Ron Singer and Jenna Sterner traded art and words. Jenna shared this image, entitled “Don’t Let the Light In, It Gets Too Hot,” with Ron:

Don'tLettheLightIn,ItGetsTooHot

In response, Ron wrote this poem*:

 

“Zu Hot!”
Weather and season, indeterminate,
she sits at a table by the window,
her mouth, with its two teeth, working,
her hands playing with a red handkerchief.
The window is in our kitchen –her sphere.
She smells of face, and bubble-gum, powder.
She eats corn on the cob by cutting
and scraping the kernels off, one by one.
Why doesn’t she speak? Can’t she even read?
She looks like an old Indian chief,
dubbed by my father, “Ikamatubee,”
a name from a joke, not from history.
Her hosts, sons-in-law, are unkind to her.
“Zu hot,” she says, but that could be the steam.
* * * * *
Ron shared this poem with Jenna:
The Grid Effect
Ensconced on a toilet in western Maine,
I peer through the grid of a window screen,
at clouds, mountains, trees, shrubs –a day scrubbed clean.
When the wind blows, ruffling the foliage,
the grid creates a shimmering effect,
superimposed upon the air-blown green.
Are there “grid” painters who use window screens?
For the umpteenth time, nature pricked by art.
In a clown foursome, Rodney Dangerfield
plays golf in Florida.
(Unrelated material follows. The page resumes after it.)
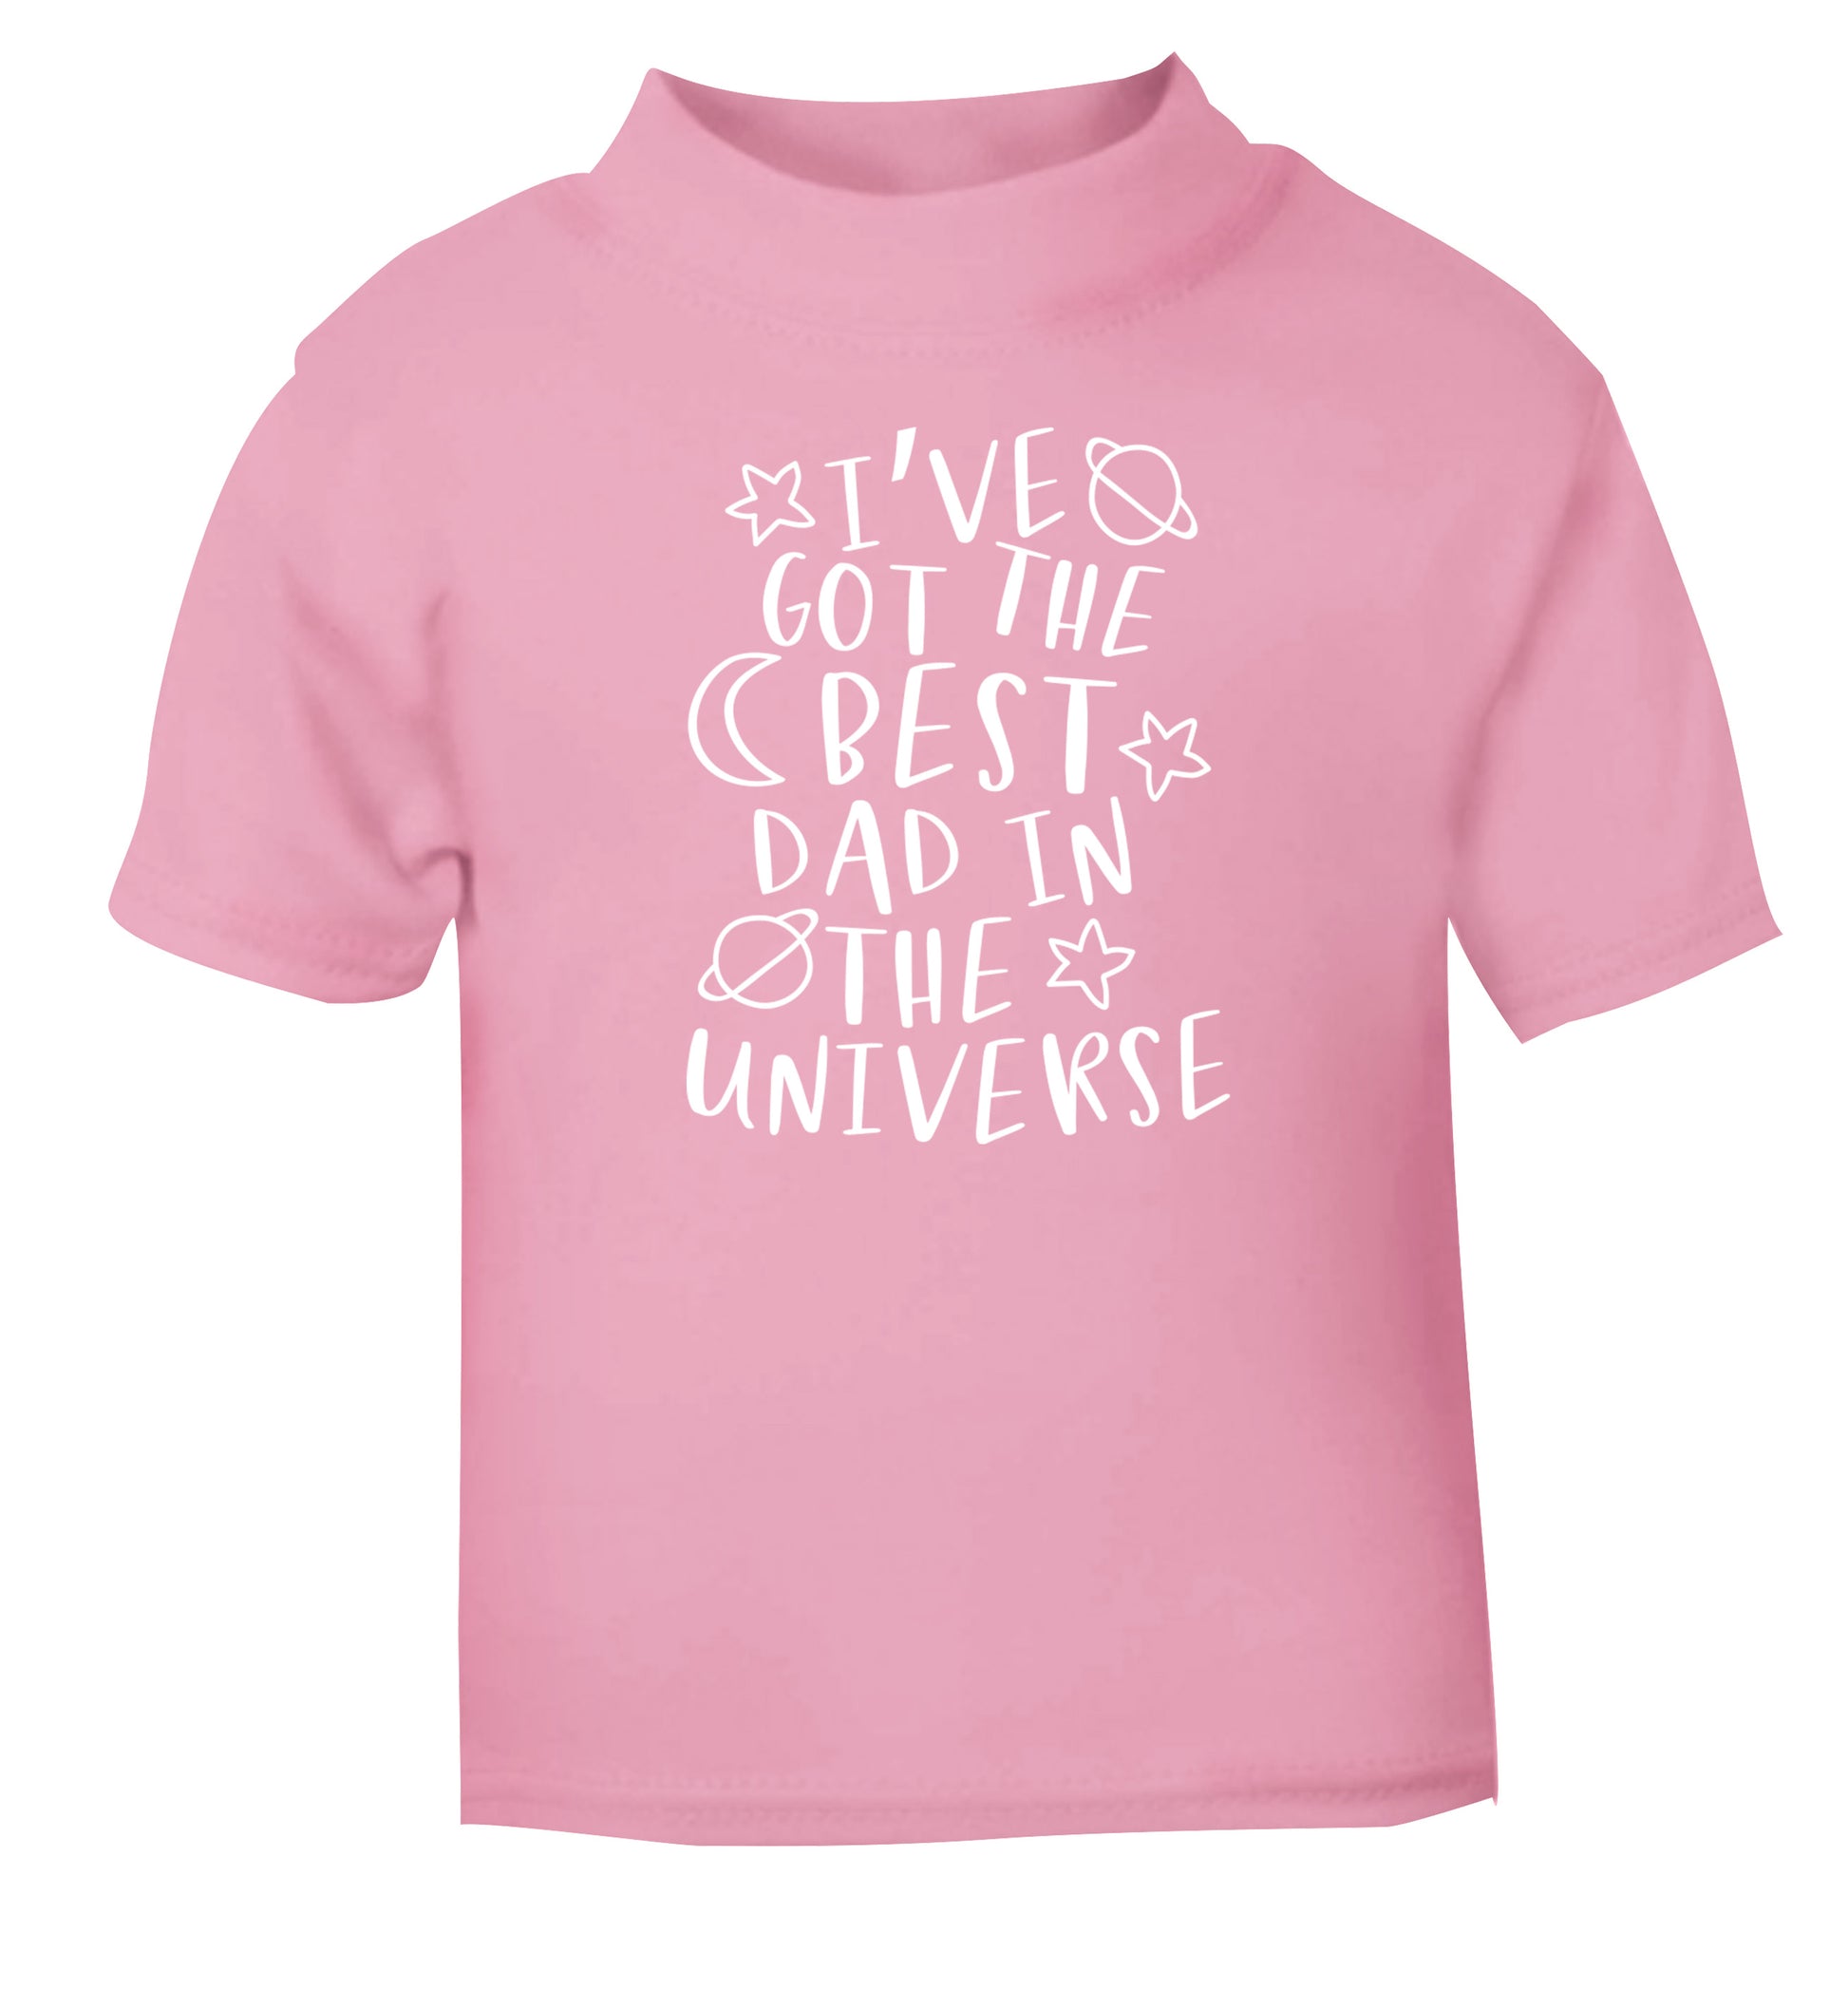 I've got the best dad in the universe light pink Baby Toddler Tshirt 2 Years

Stretching his arms,
waving a club, master of all he surveys,
he sighs expansively: the emerald greens,
rolling fairways, background condos and trees.
“I love this!” he cries. “Nature on a leash!” *
* from John Sayles’ film, “Sunshine State” (2002)
In response, Jenna made this image, entitled “Beyond the Grid”:
Sterner_Beyond The Grid
* “Zu Hot” is adapted from Singer’s memoir, A Voice for my Grandmother (Ten Penny Players/Bard Press Chapbooks, 2nd. ed, 2008, now available as a free pdf from the publisher). “The Grid Effect” first appeared in the Peeking Cat anthology (U.K., November, 2015).